What you are asked to do:
This calls for a verbatim copy of all the data, with no images carried over.

Data segment:

┌────────

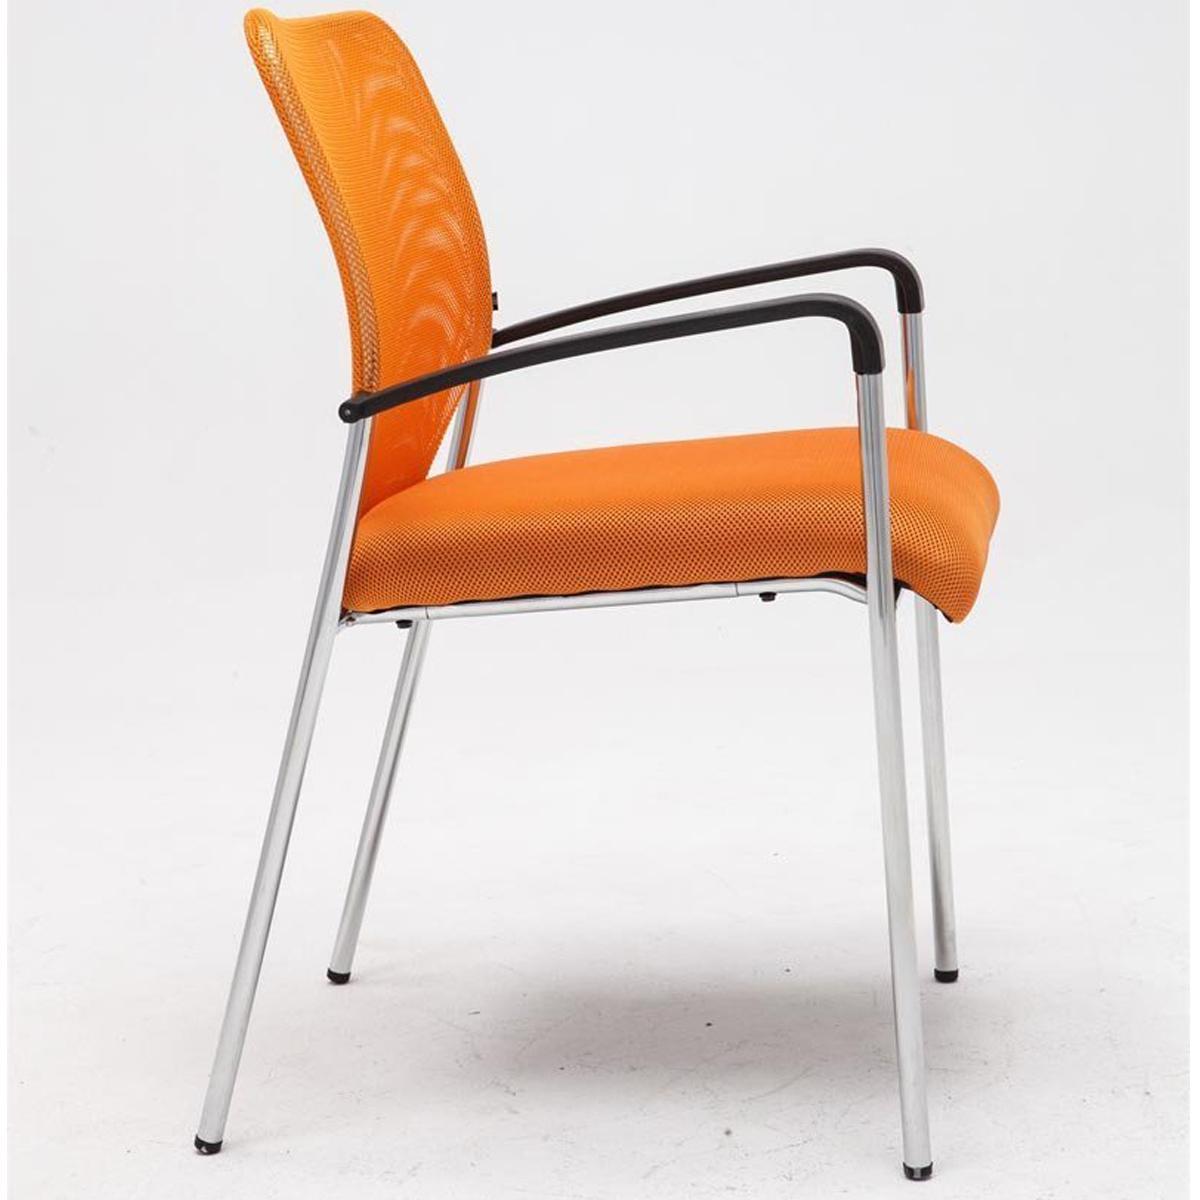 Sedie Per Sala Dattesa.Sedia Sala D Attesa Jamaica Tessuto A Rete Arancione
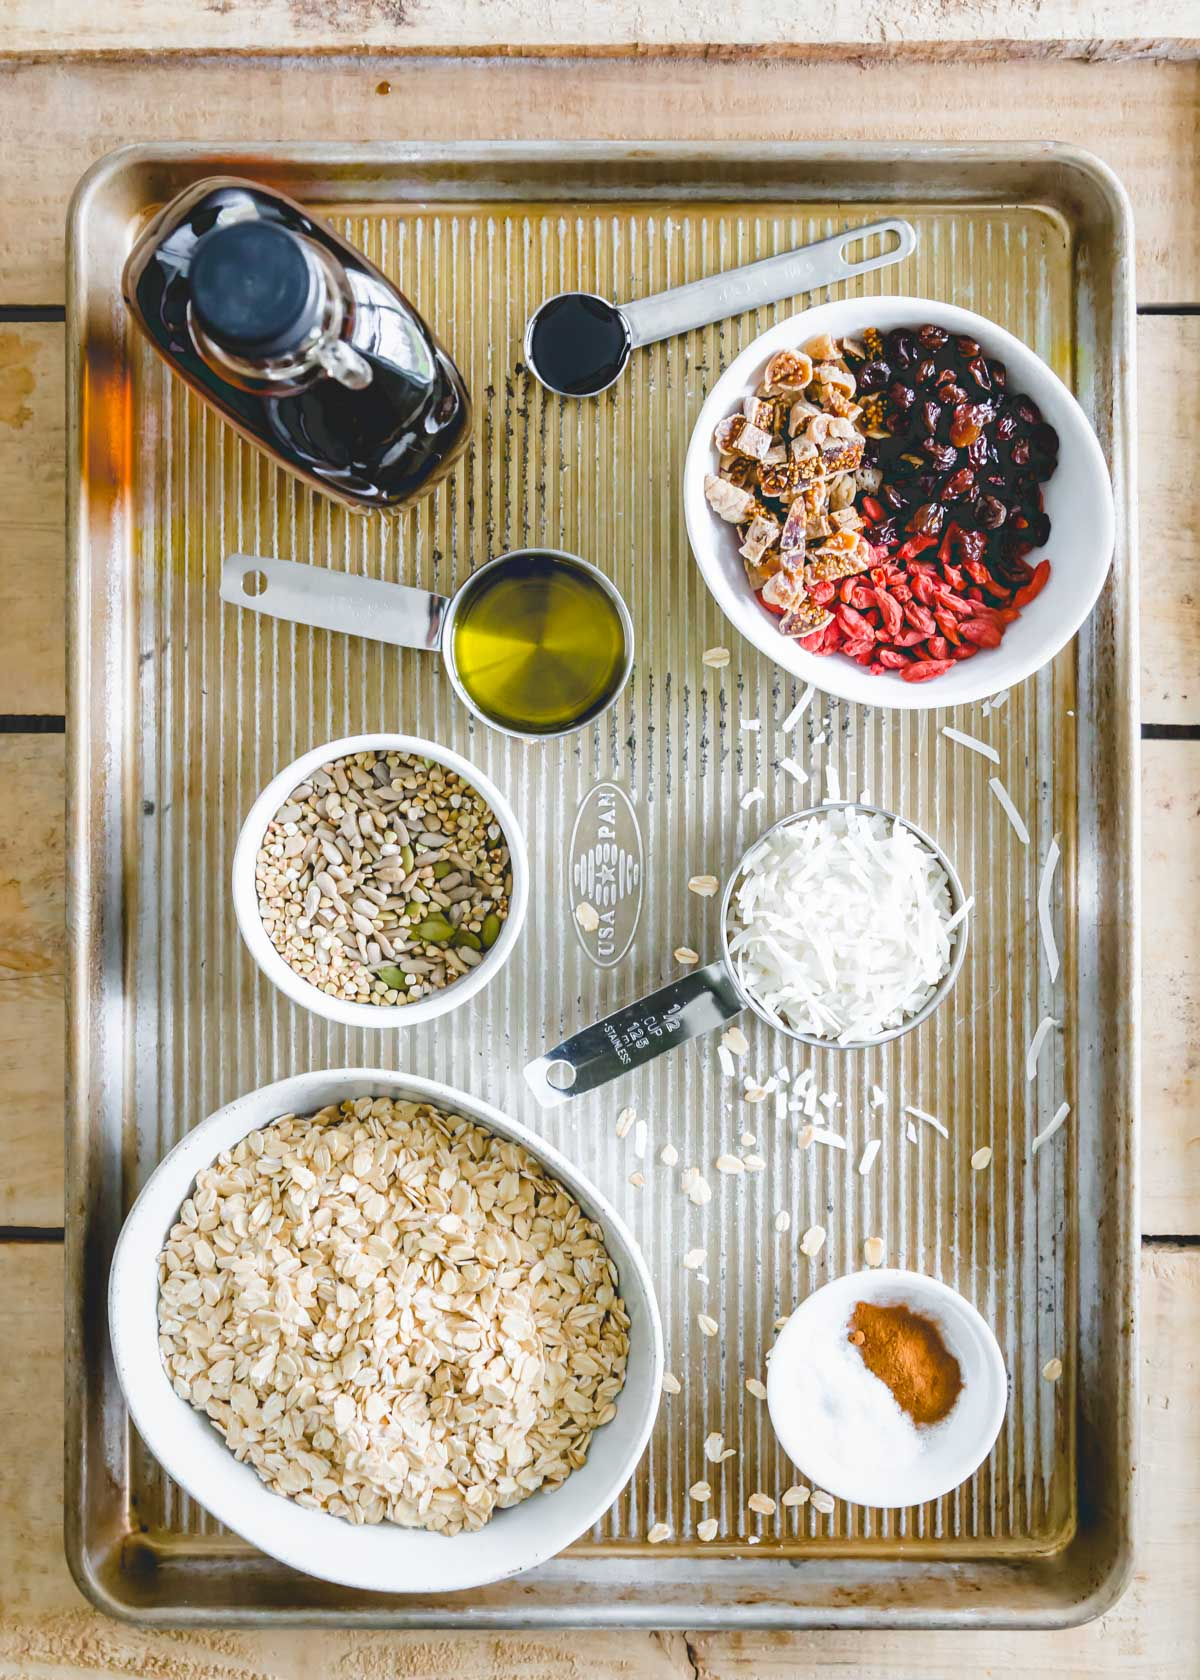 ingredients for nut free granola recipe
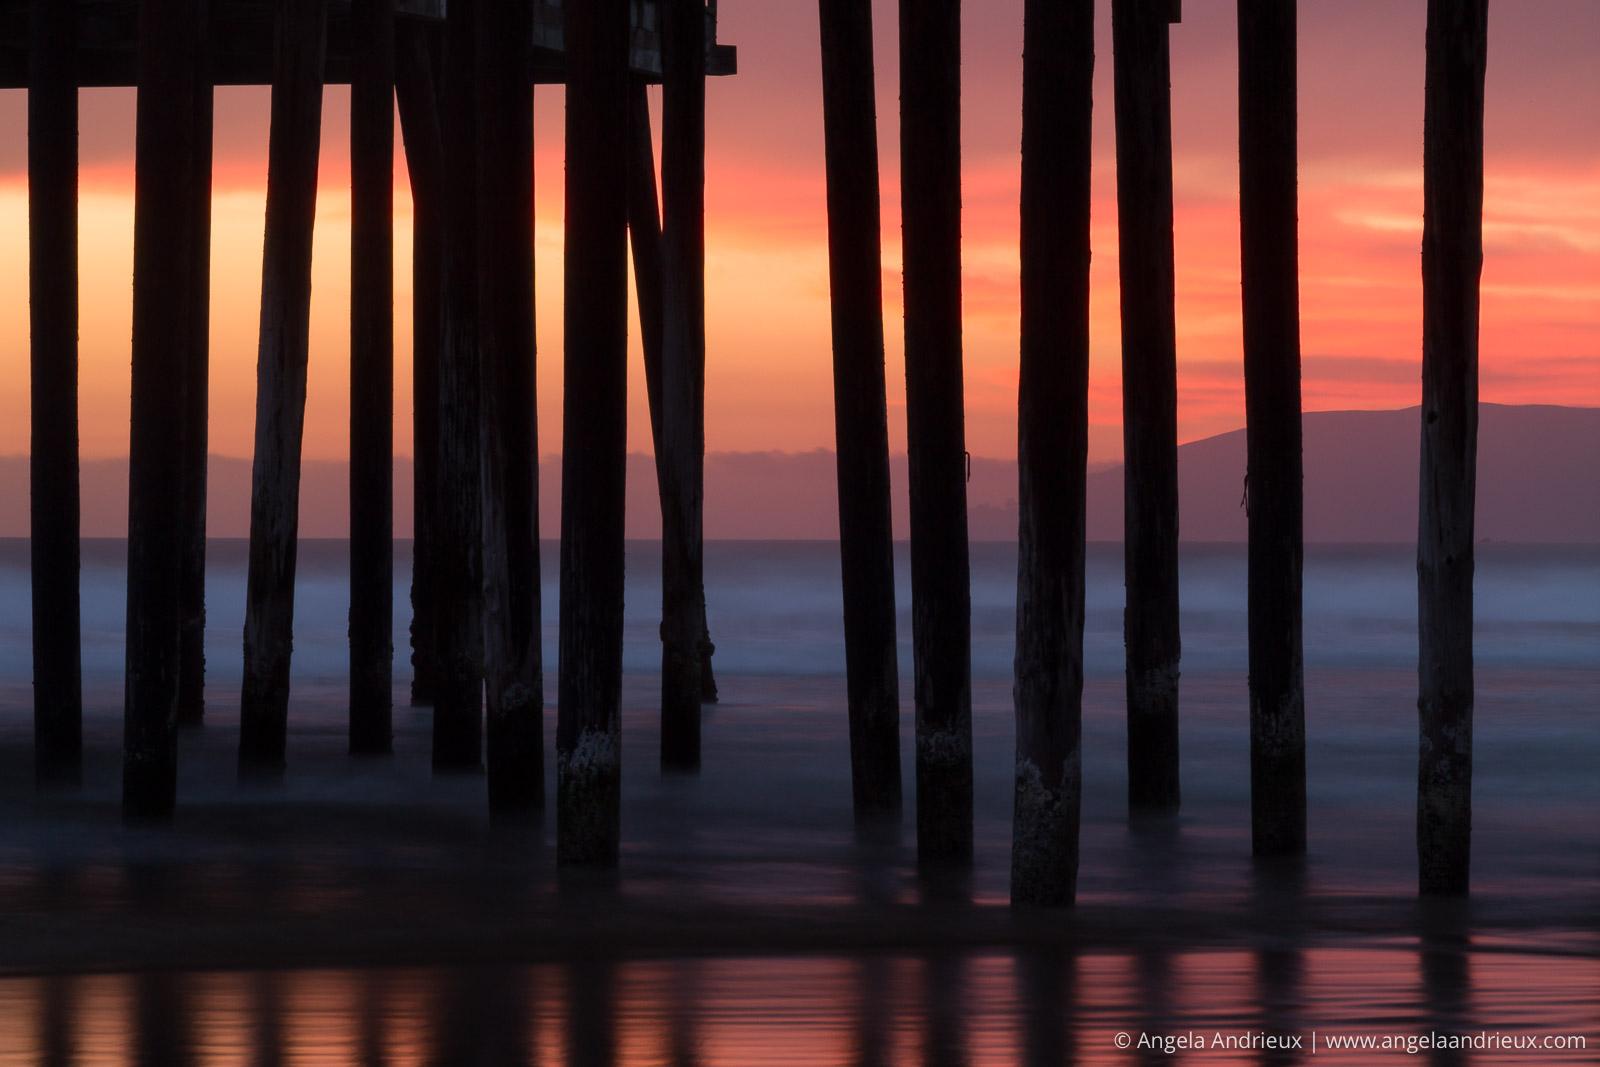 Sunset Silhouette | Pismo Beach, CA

└────────

Worked solution:
 Sedie Per Sala Dattesa.Sedia Sala D Attesa Jamaica Tessuto A Rete Arancione
 ingredients for nut free granola recipe
 Sunset Silhouette | Pismo Beach, CA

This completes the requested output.